### Required action
The material below should be copied line for line, please, with pictures omitted.

### Data section

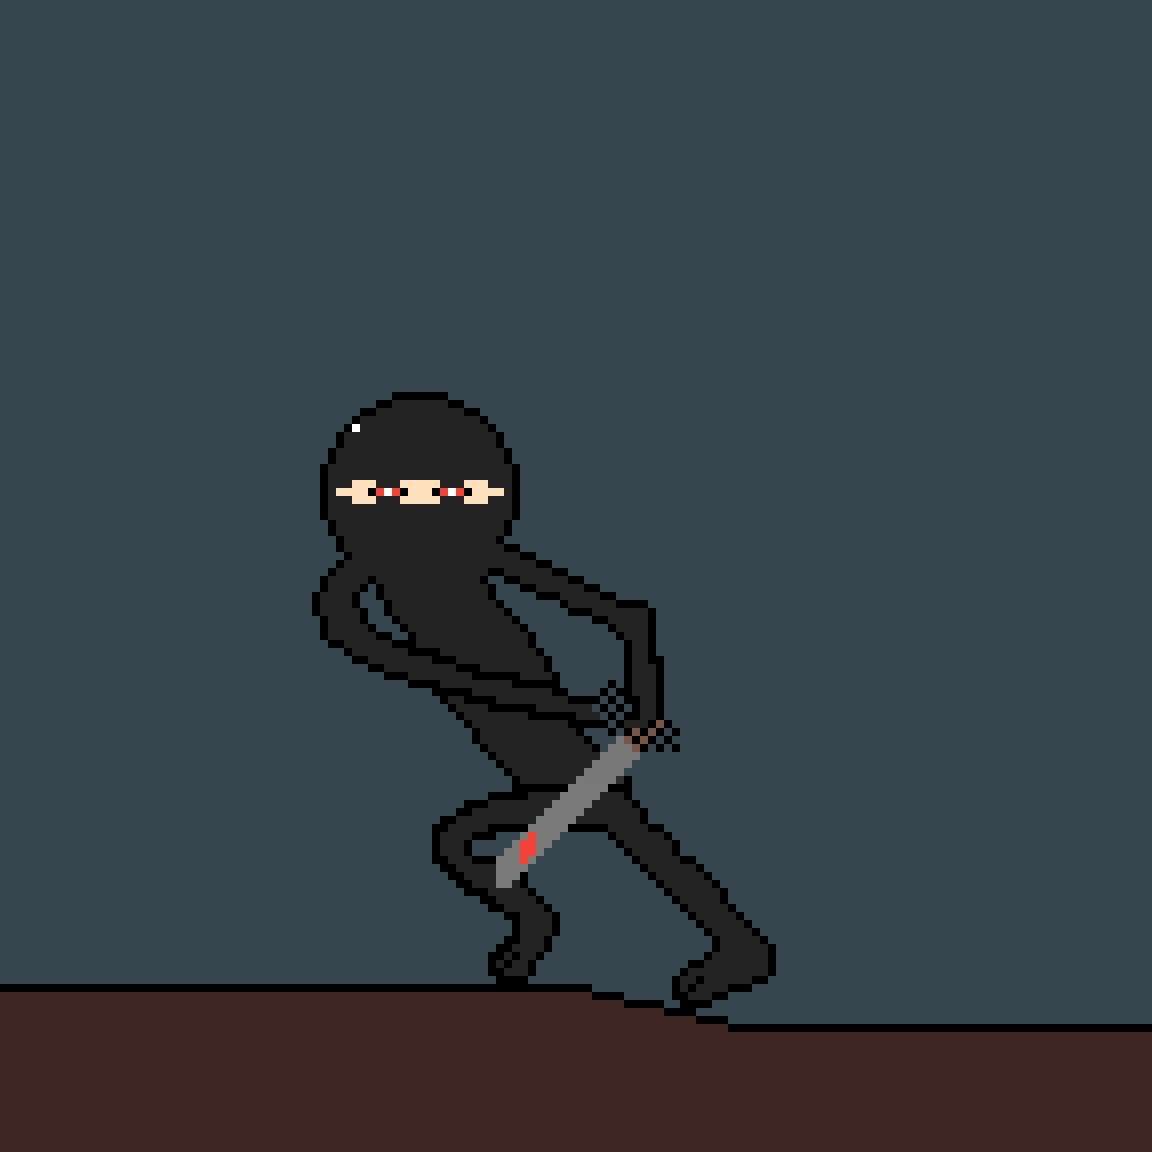 Red Eyed Ninja
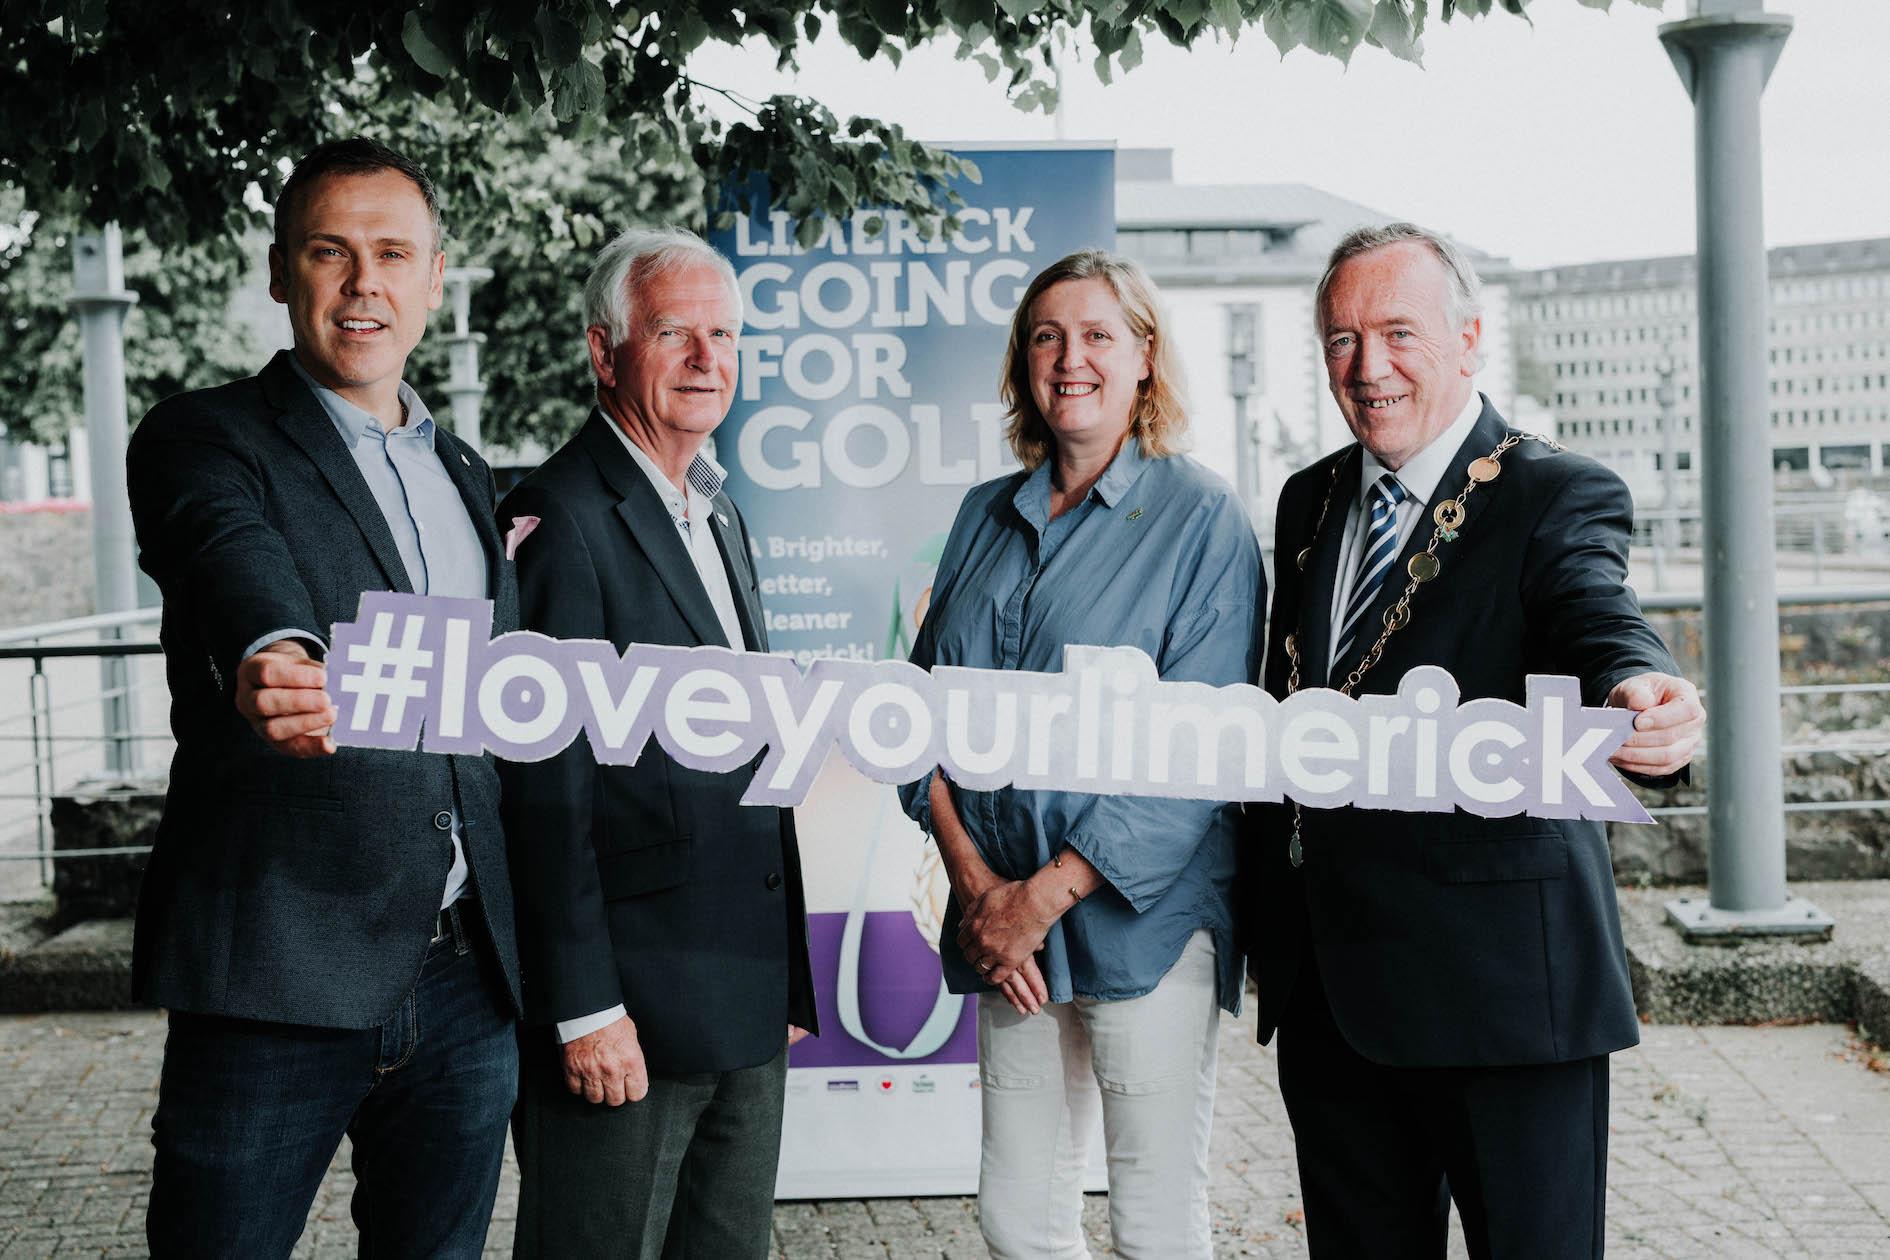 Limerick Going for Gold 2017
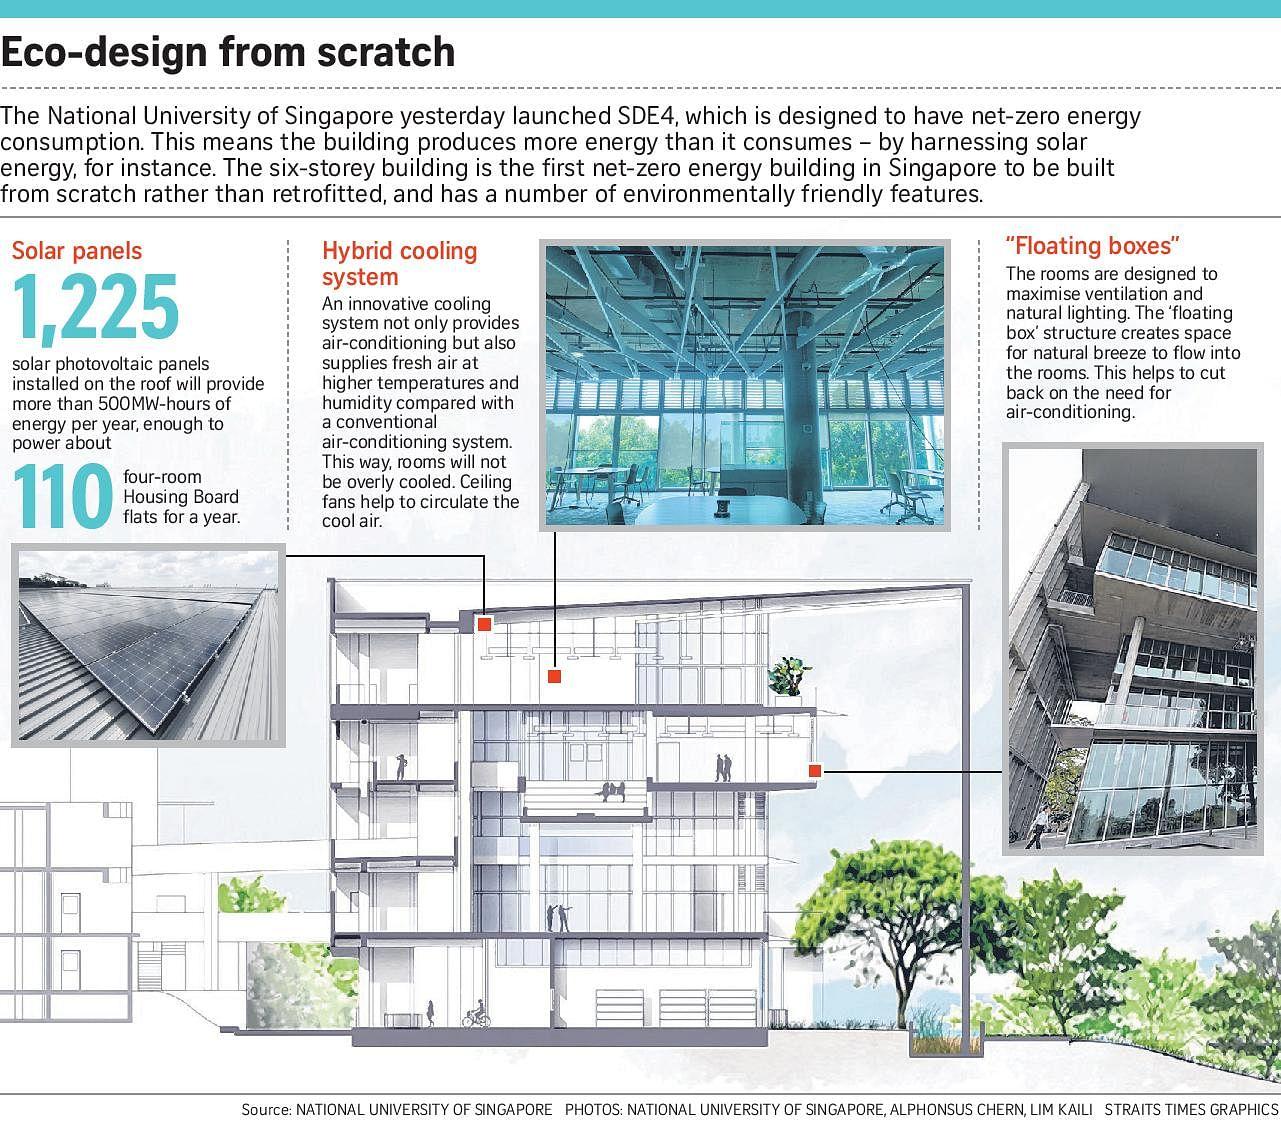 NUS launches net-zero energy building, Environment News & Top
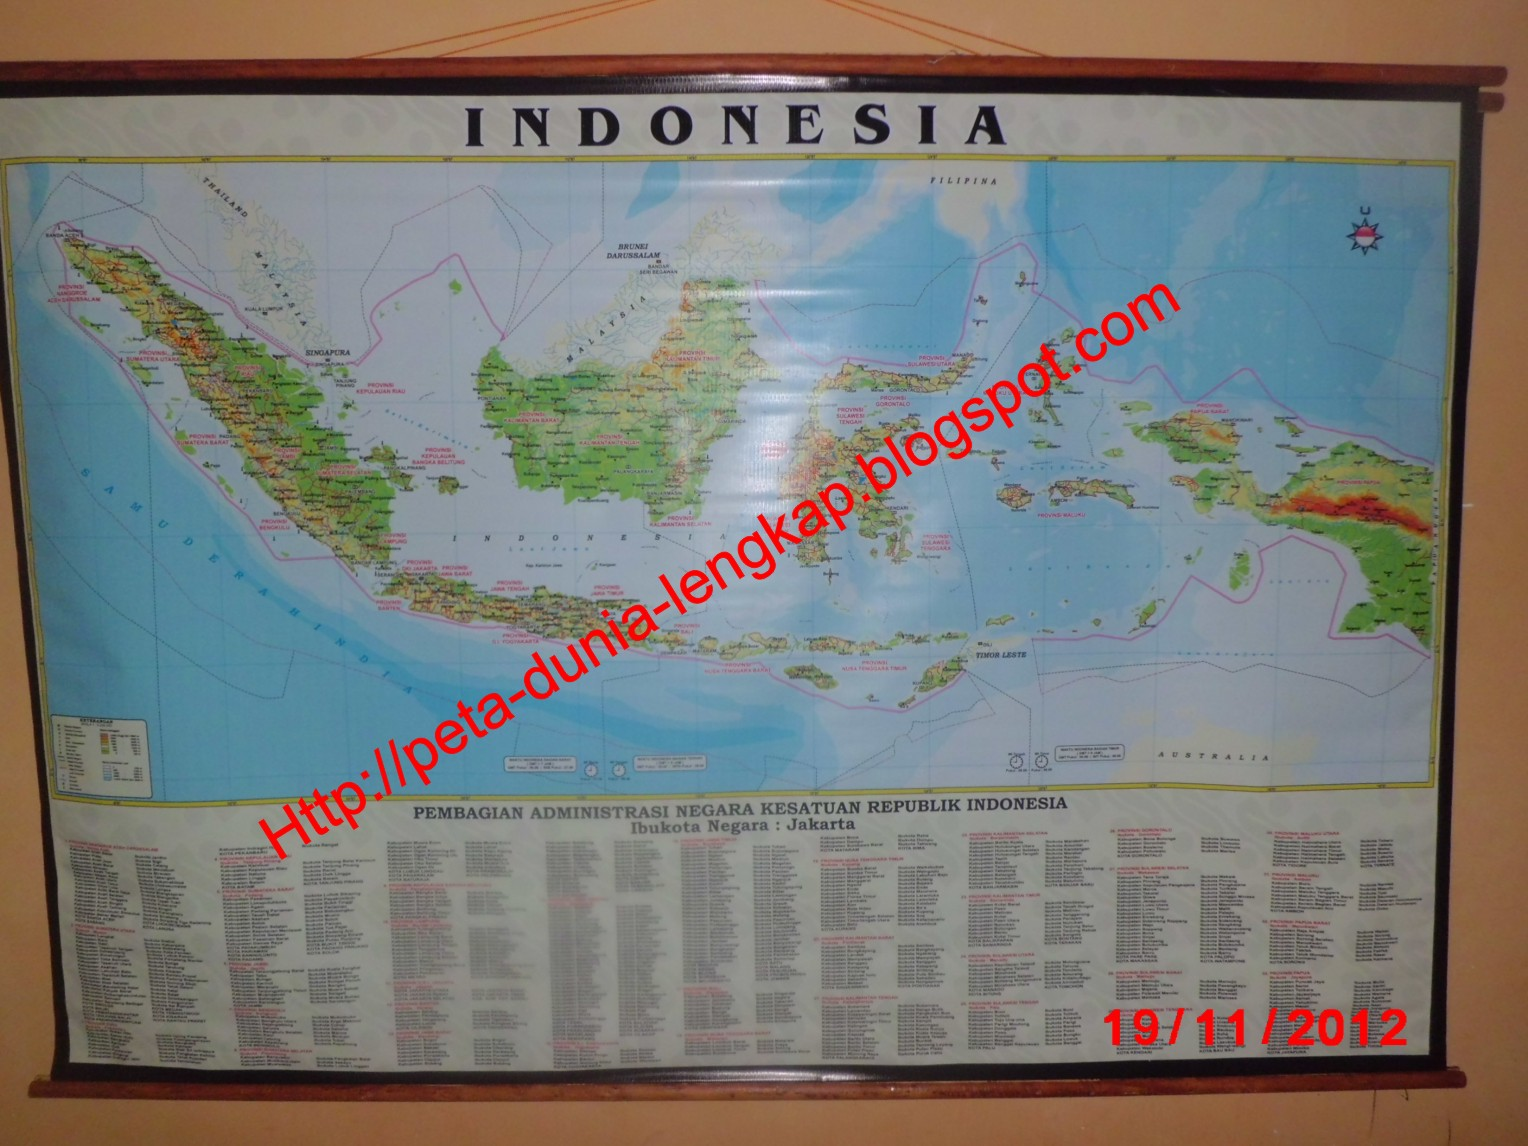 Peta+Indonesia+Lengkap.jpg

### Task solution
 Red Eyed Ninja
 Limerick Going for Gold 2017
 NUS launches net-zero energy building, Environment News & Top
 Peta+Indonesia+Lengkap.jpg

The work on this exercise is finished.